Таким образом, значимой для российского самосознания представляется возможность понимания культуры как пушкинского дискурса политики, присутствующего в России на протяжении минимум двух столетий.
Власть как субъект воздействия и объект анализа русских творцов воплощена в художественной практике весьма разнообразно.
Так, аспект историко-политический представлен в драматических сочинениях - у А. С. Пушкина, а также у следовавших либо полемизировавших с ним авторов, например, А. К. Толстого или А. Н. Островского. Добавим, оставляя пока в стороне эту часть произведений: аспект социально-нравственный представлен у русских сатириков, начиная с Я. Капниста и Д. И. Фонвизина и, имея продолжение у А. В. Сухово-Кобылина и М. Е. Салтыкова-Щедрина, достигает апогея у Н. В. Гоголя.
Аспект, который мы бы назвали подсознательным, психолого-психиатрическим, поскольку он связан с образной актуализаций абсурдности жизни как бытия в социуме, представлен работами как упомянутых классических авторов-сатириков, так и авторов ХХ в., в частности, постмодернистов, таких как В. Пелевин, Н. Коляда. Причем у последних власть настолько размыта, деперсонализирована, что анализ их образной структуры следует предпринимать отдельно и специально.
В историко-культурной же ретроспективе мы видим логические цепочки, «звенья» которых также могут впоследствии стать материалом для детализации.
Первая логическая цепочка российской политики: Пушкин и русская историческая дра-
ма/трагедия. «Живая власть для черни ненавистна» - отражение элитарного самосознания как субъекта анализа массового сознания. «Страшен русский бунт»: трагический треугольник (человек чести Гринев - человек бесчестья Швабрин -человек власти/безвластья Пугачев) и дихотомия «честь - власть». А. К. Толстой (политика, лишенная монструозности, - сфера, параллельная российскому самосознанию, «а я хотел как лучше ...», - воспринимаемая массовым сознанием как враждебная).

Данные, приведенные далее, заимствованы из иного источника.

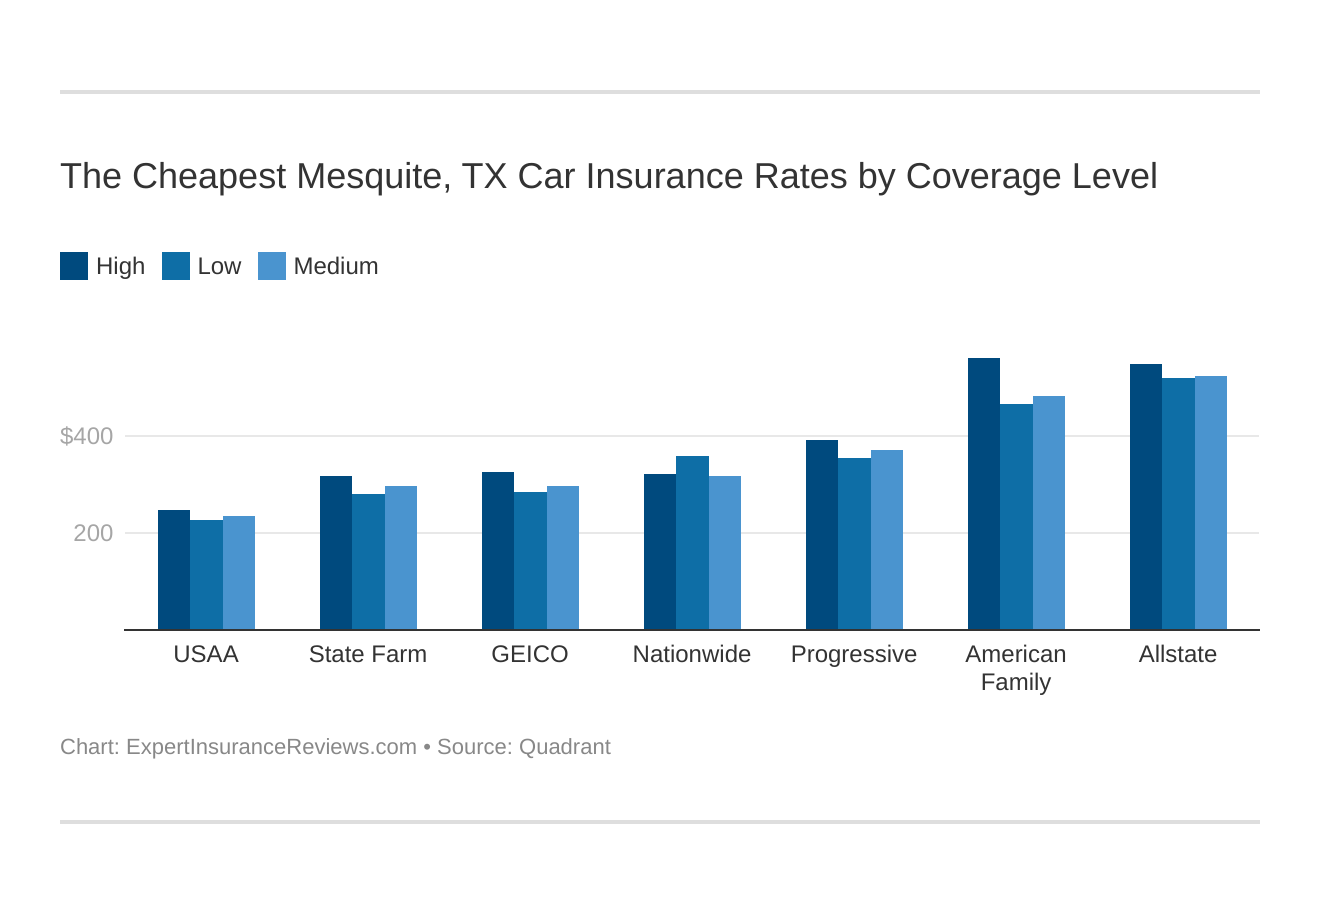 The Cheapest Mesquite, TX Car Insurance Rates by Coverage Level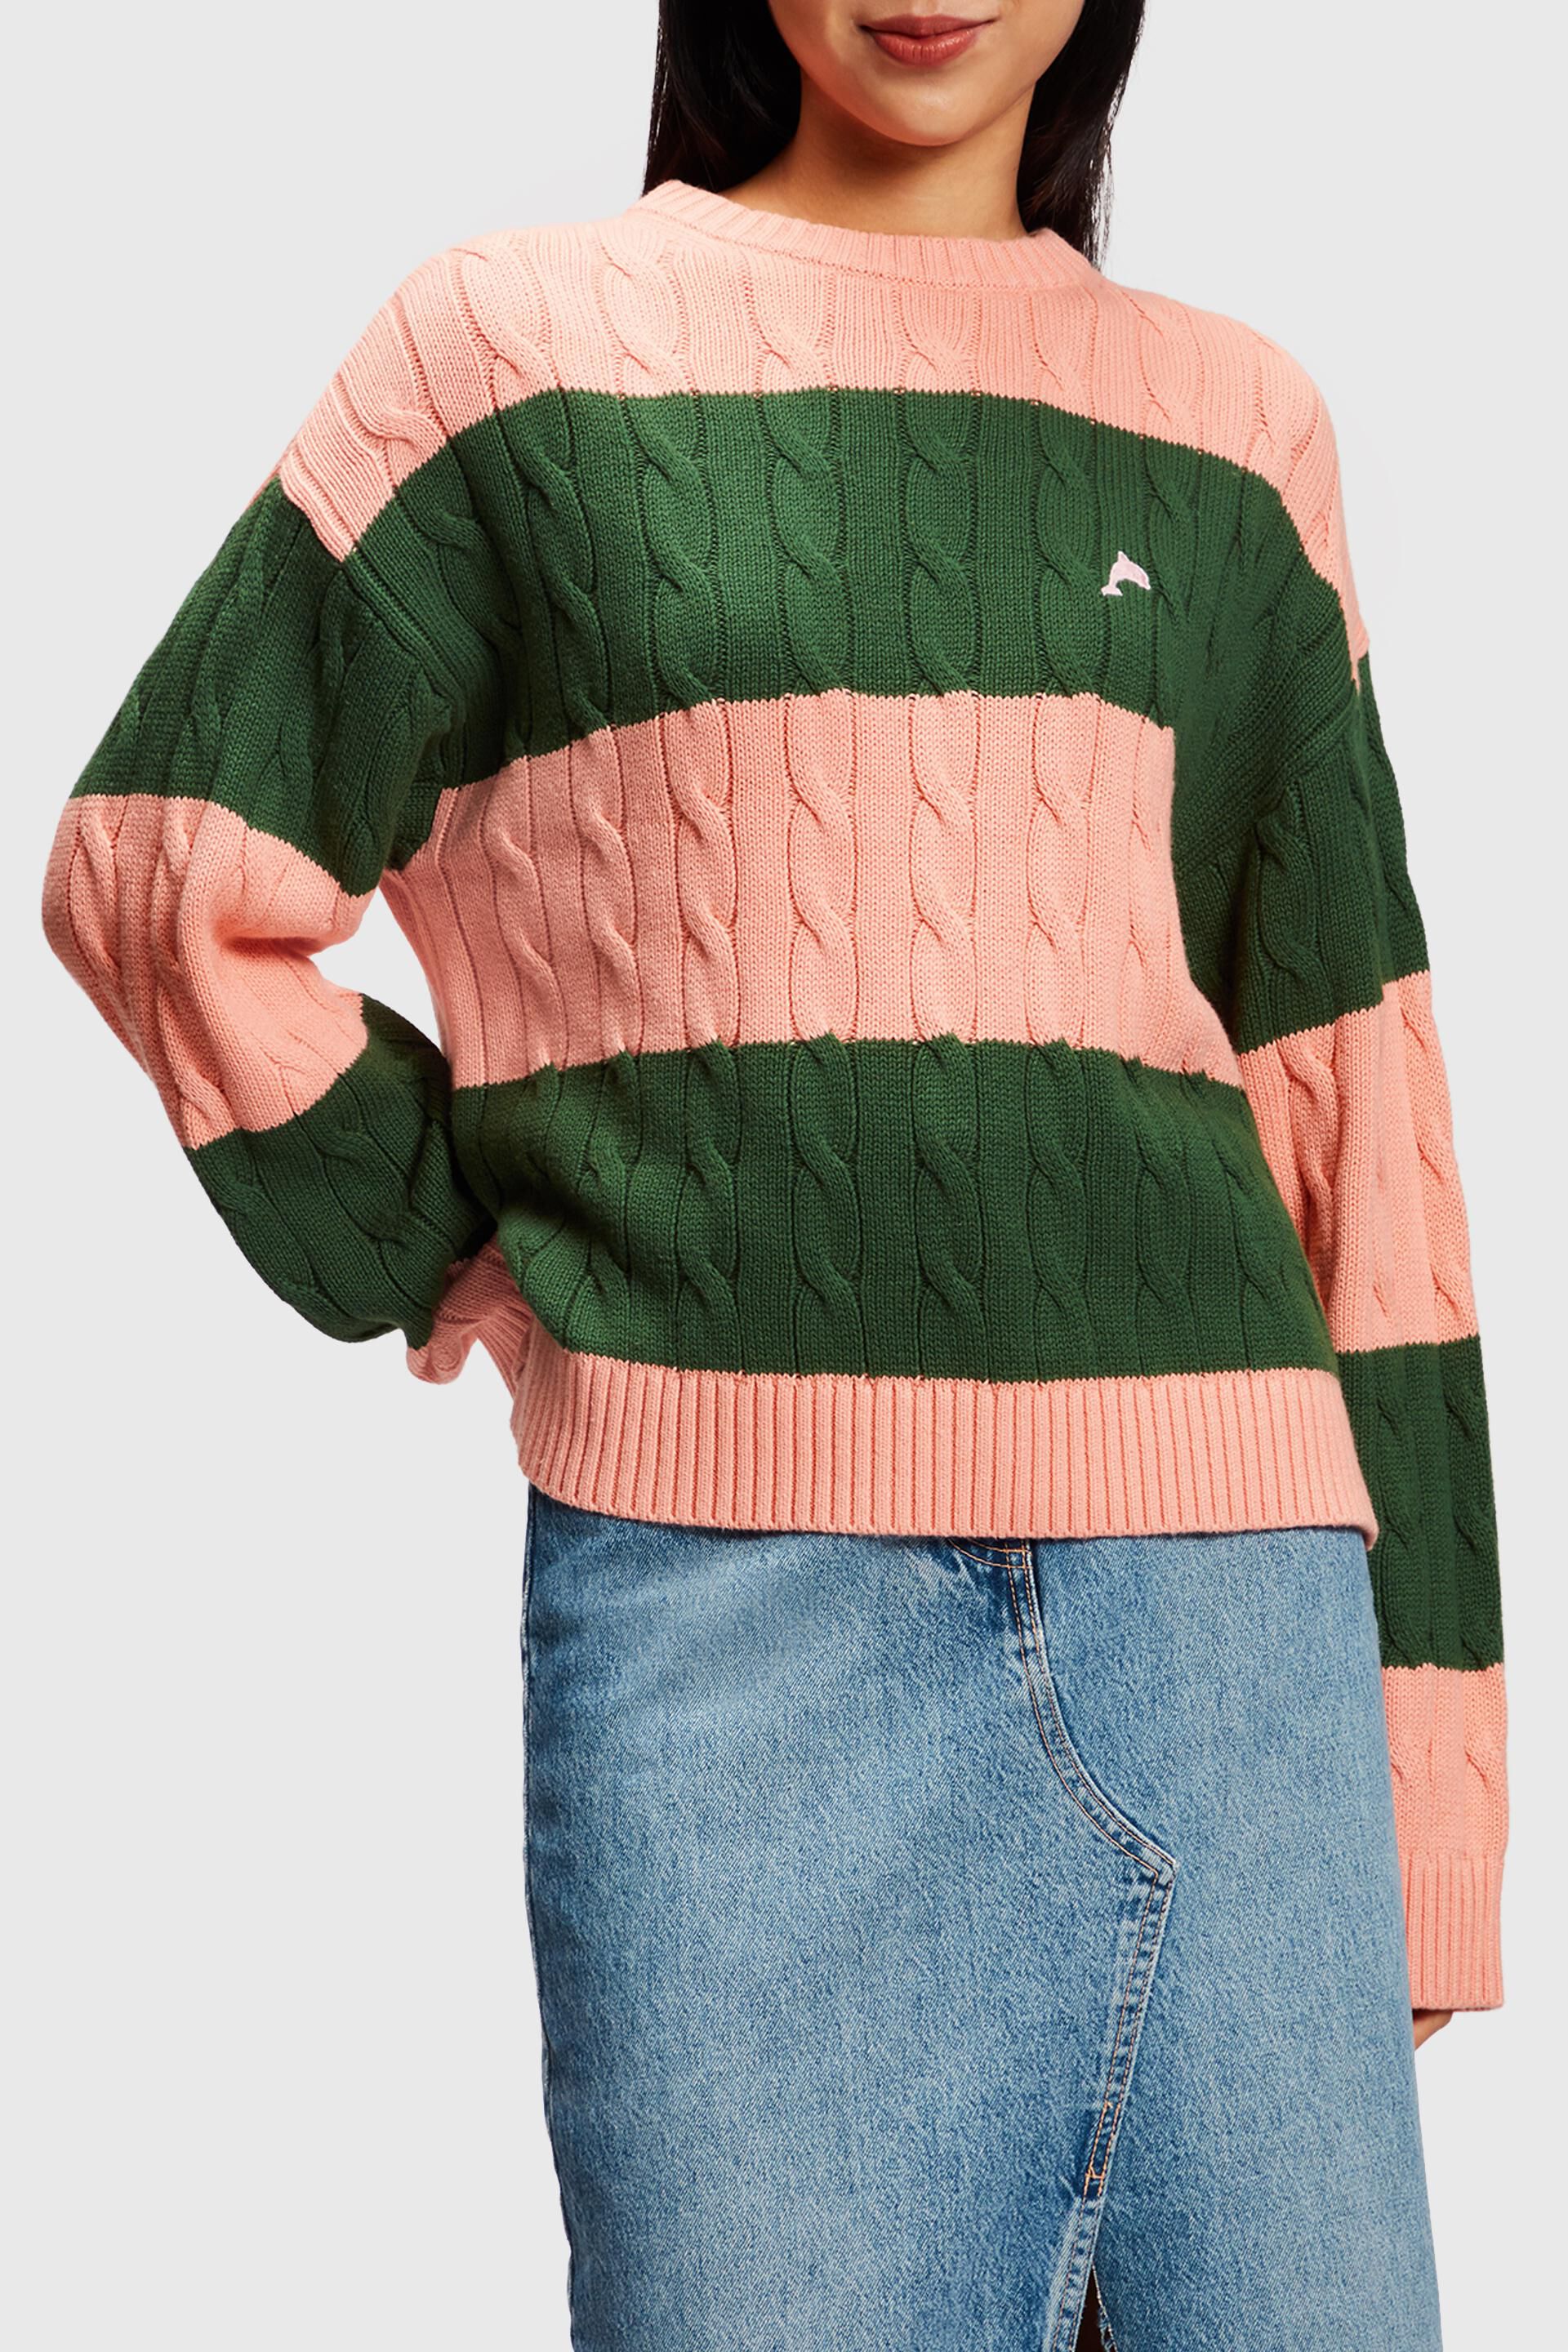 Esprit cable sweater knit Striped

Вторая логическая цепочка российской политики: мнимая аполитичность русской классической комедии. Фонвизин (неучи и их слабая, именно потому что политическая, альтернатива). Гоголь (власть мелочи - «Ревизор»). Грибоедов (политика «ушла» вместе с 1812 г., Москва -псевдовялая и псевдопатриархальная, на деле «зубастая», пострашнее холодного Петербурга). Салтыков-Щедрин («тени» политики и теневая политика, понятия, родившиеся задолго по появления актуального сленга). Сухово-Кобылин («смерть» как способ существования «сил» и «ничтожеств»). Островский (политические трупы Крутицкий/Городулин и политические симу-лякры - люди дела (дельцы) Васильков, потом -у Чехова - Лопахин). А у, казалось бы, насквозь политизированного Горького, который стал популярнейшим театральным автором ХХ в. в Европе и США, важны вовсе не «Варвары» с их декларативной тенденциозностью классового расслоения, а «Мещане»; и не с Власом, который готов поменять «расписание поездов», а с подлинным мещанином Петром, «бывшим гражданином полчаса»; политически актуальны «Последние» с дворянами, идущими в жандармы, и обморочными детьми, с проигравшими свои жизни в стремлении к политическому самоутверждению через экономические успехи Вас-сой Железновой и Егором Булычевым, наконец, с постоянными трансформациями самой популярной в мире его пьесой «На дне», где ни один политический лозунг (сделайте, чтобы мне было хорошо работать, и я буду работать) не звучит так постоянно и определенно, как призыв послушать, услышать, откликнуться.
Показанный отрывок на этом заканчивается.